Qu’est-ce que l’état intermédiaire ?

individual-eschatology13 min de lecture

1. Introduction

L’état intermédiaire désigne la condition de la personne humaine entre la mort physique et la résurrection future du corps. Il répond à la question que beaucoup se posent devant une tombe : « Où se trouve cette personne maintenant, et que vit-elle ? »

L’eschatologie biblique enseigne que la mort ne met pas fin à l’existence personnelle. Le corps retourne à la poussière, mais l’âme ou l’esprit continue dans un état conscient et personnel, en attendant d’être réuni à un corps ressuscité.

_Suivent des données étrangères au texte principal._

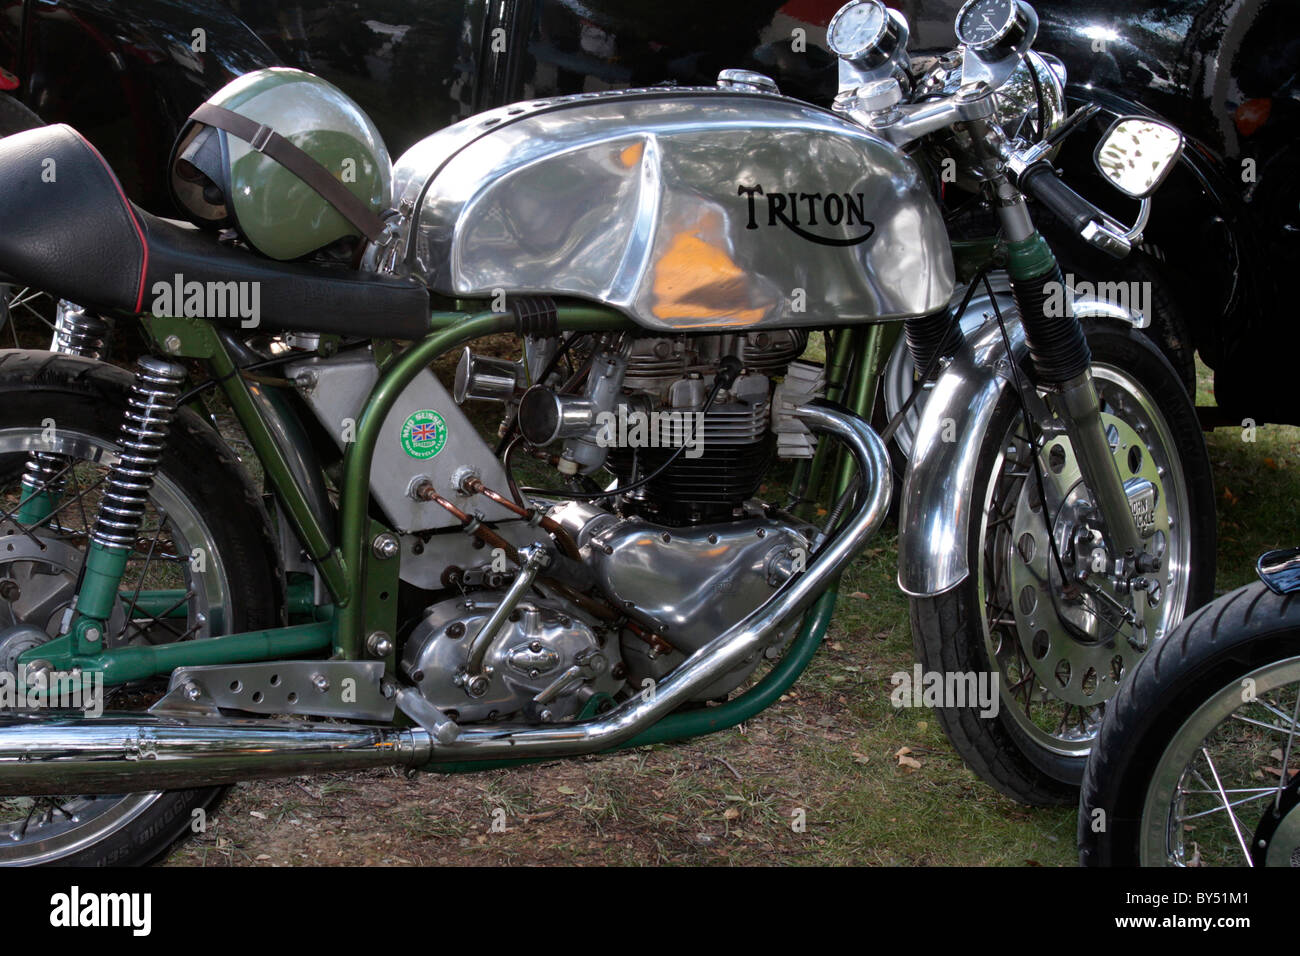 Le Triton est une version modifiée de la moto café racer des années 60 des  années 70. Le nom provient d'une contraction de Triumph et Norton Photo  Stock - Alamy

Cela est vrai à la fois pour les croyants et pour les incroyants, même si leurs expériences dans cette période intermédiaire sont radicalement différentes.

Cet article se concentre exclusivement sur cet état de l’âme entre la mort et la résurrection, en s’appuyant sur des passages bibliques clés pour décrire :

  • Ce qui arrive aux croyants lorsqu’ils meurent
  • Ce qui arrive aux incroyants lorsqu’ils meurent
  • La nature et l’importance de cette condition temporaire et intermédiaire

2. La mort et la survie de l’âme

2.1 La mort comme séparation, non comme annihilation

Dans l’Écriture, la mort n’est pas l’extinction de la personne, mais la séparation du corps et de l’âme (ou de l’esprit).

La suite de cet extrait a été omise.